The real, day to day problem--the one that keeps us from achieving our communal goals and ideals--is we don't really focus on shared goals. Instead, we each tend to focus on our own individual goals, which have to do with ways to approach and interact with the world. And that's when the difference between say, the engineer and the artist, or a democrat and a republican, matters.

How do we move beyond the impasses caused by these differing world views? You'll note I am not going to characterize or judge either: they are just immensely different, and again, my experience is that these individual differences very often get in the way of moving forward toward shared goals. But I do have a funny story, from the world of gay pop culture, that reflects this impasse.

In season three of "The L Word," a Showtime evening soap designed for the lesbian crowd, one of the gals "switches teams:" i.e., she falls for, and moves in with, a man after years in lesbian relationships.

Happens all the time, in both directions.

The funny story part is a scene in which she invites her old pack of lesbian pals to a party, to which her new male honey also invites HIS pack. And, you know, as life as in art: it's awkward. The straight crowd is mostly titillated and thrilled by the beautiful young lesbians; and the lesbians are pretty dismissive of the kind of unconscious rudeness and judgement that wafts from the straight crowd (here is where you can insert your own republican/democrat analogies . . . ).

Because it is a TV show, the writers--to break the ice and move along the party, not to mention the show's message--sit them down to play a trivia-type game, one in which the players make up their own questions. "Who is Terrell Owens?" one of the straight guys ask. The lesbians look nonplussed. "Only one of the greatest receivers in the history of football!" the guy guffaws. The lesbian group shrugs diffidently, as a unit. "Who's Kathleen Hanna?" one of the lesbians ask. Now it is the straight groups turn to look nonplussed. "The most famous founder of riot grrrl music!"


A little black and white, but it makes its point: as privileged americans, we tend to live in highly segmented worlds--our fiercely won and proclaimed self-identities dictating much of our everyday choices and world views. We read only the news we want to read (thanks to RSS feeds and customized emails); we listen to only the music to which we want to listen; and when it comes down to solving a community problem--we see only the world each of us individually wants to see.

It's the paradox of democracy; and we're gonna have to be a little more creative than we've been for the last 20 years to really make it work before we melt down the planet.

Friday, January 25, 2008

Running on Fumes

Late yesterday afternoon, as I was racing up island from the theater to the school, I noticed it was nearly 4:30 (meaning I was half an hour late already for the meeting of the school technology committee meeting, which I was attending)--and I noticed my truck's gas gauge indicated I had zero gas.

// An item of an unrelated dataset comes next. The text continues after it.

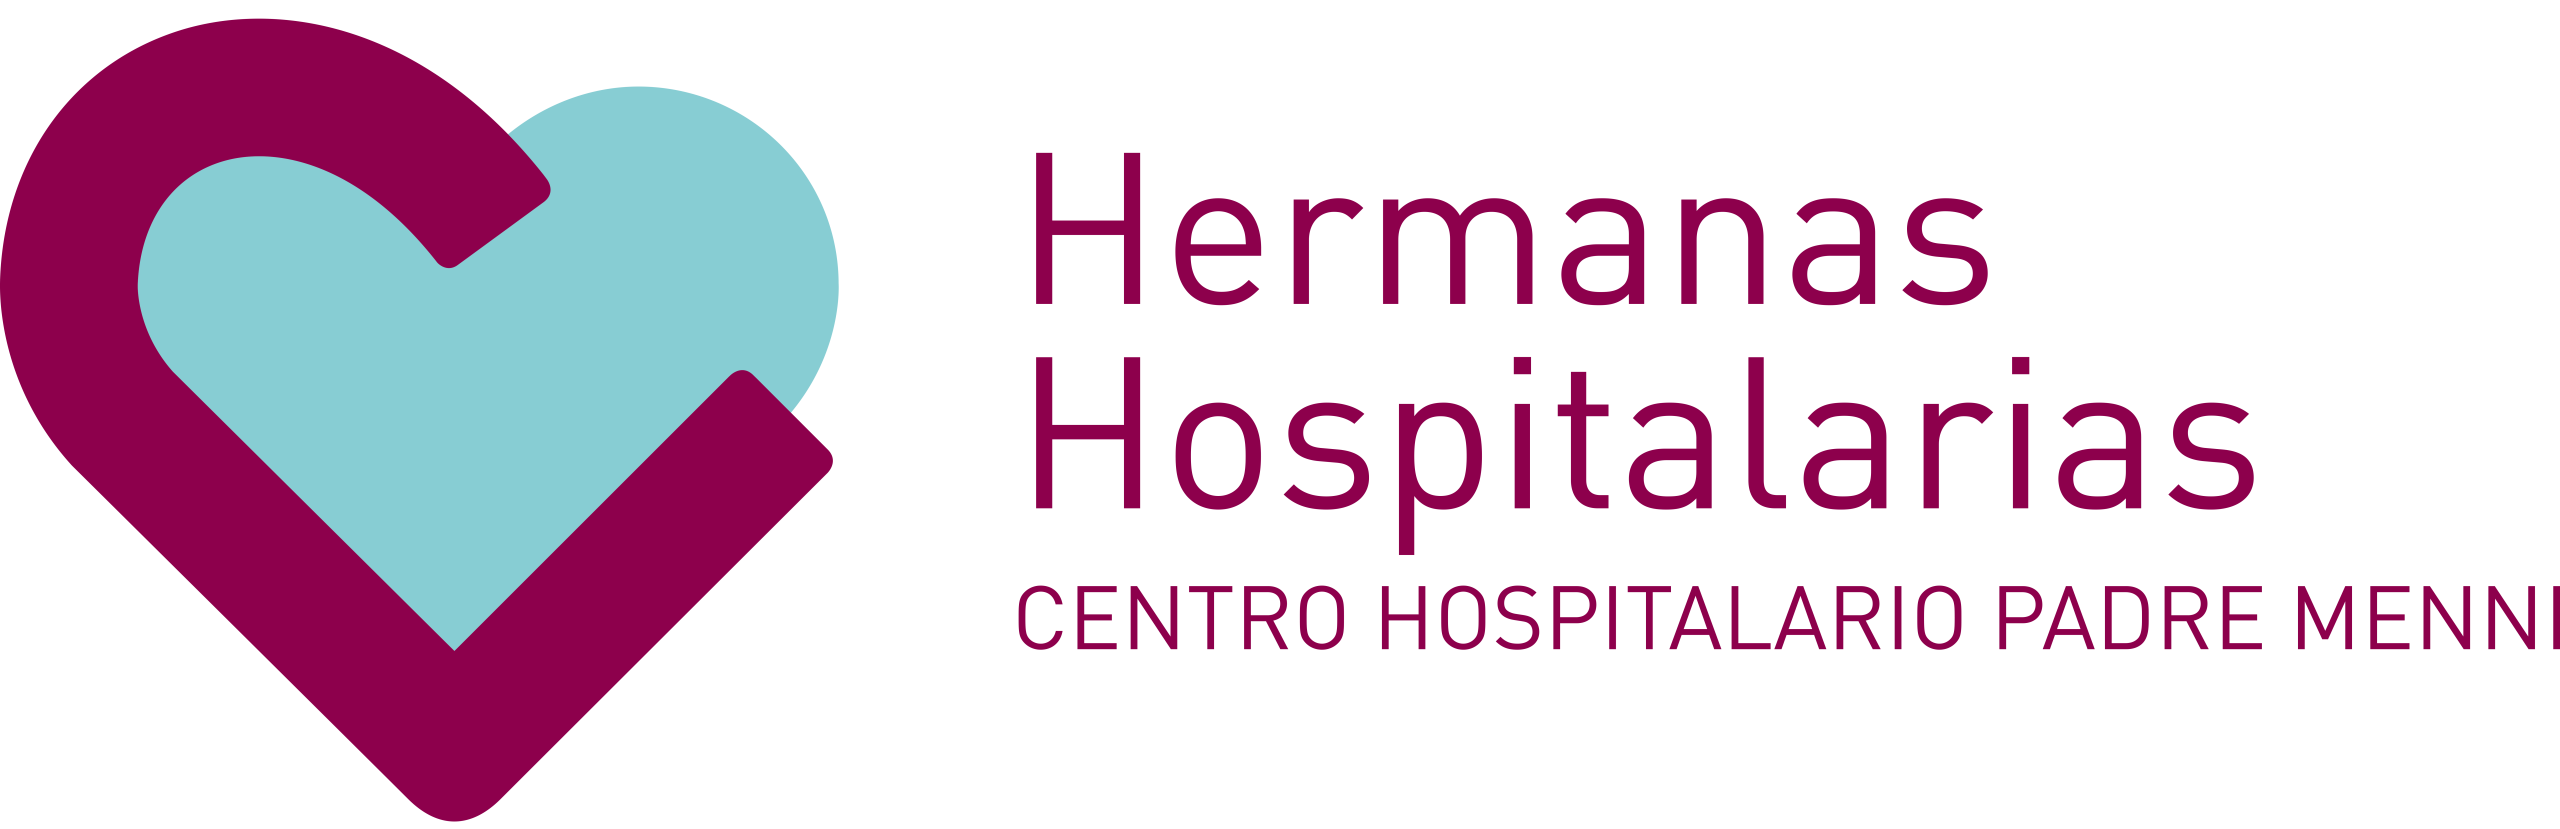 Hermanas Hospitalarias Santander

I was, as is so often the case and in so many ways, running on fumes.

I slowed down (good for truck, environment, and bystanders anyway). It was snowing large flakes, and was bitterly cold. I really didn't want to have to walk a mile or more when I ran out of gas.

If you're like me, you might remember slowing down is a major strategy in energy conservation. Again, I'm not talking about personal, human energy here -- although I might as well be. I'm talking about our use of gasoline, and our production of driving's evil byproduct, atmosphere-warming CO2. But for those of us who got our licenses in the 1970s, pre SUVs; and then had to wait in line to buy gas, odd-numbered and even-numbered days based on our plates; and hear the cries of outrage in Nebraska as the federal speed limit was set at 55 throughout the country -- we might remember that slowing down is a part of conserving energy.

So I coasted down the last incline and into the twins' Mill Pond Service. Lights were on but no one appeared and I could easily imagine them closing at 4 p.m., since many island businesses do. But when I got out and poked my head into the garage itself, one of the twins appeared.

"I'm running on fumes," I told him. "Glad you're still open."

He came out and began filling the tank (we're happily not self serve or automated here on the island). "You know where that phrase comes from?" he asked nonchalantly.

"Nope," I said, thinking I was about to hear a yarn about a epochal empty tank.

"Back in the 1960s," he began, "when folks started getting really interested in the environment, some folks down at MIT began to get interested in how far you could really get on one gallon of gas."

Now I'm sitting with my head hanging out the driver's window, listening.

"So they took a 1955 Chevy, and they tinknered with the carburetor," he continued. "they had a closed track to run this test on. You know how you can see the fumes coming off gas when you leave it sitting in the sun?"

I nodded.

"Well, if you heat the gas up, you get these heavy fumes. So heavy you can run on them. So then they shaved the tires down, practically to points in the middle, so only one inch or so was in contact with the ground."

Seeing this tippy old Chevy in my mind, I begin thinking maybe this is a tall tale after all.

"Then they started her up. They got her up to about 35 mph and then just sent her around the track with this one gallon of gas and its fumes . . . and she kept going for over 300 miles."

My jaw dropped, and he laughed. "It's true," he said. "There's another story about a guy, about the same time, bought a new DeSoto and drove all the way from Las Vegas to Los Angeles without using hardly any gas. When he got there he went into a DeSoto dealership and asked what was going on. They looked under the hood and said, um, you got a model with our new, experimental carburetor on it. Then they took it from him and replaced it with the old model, which used LOTS of gas.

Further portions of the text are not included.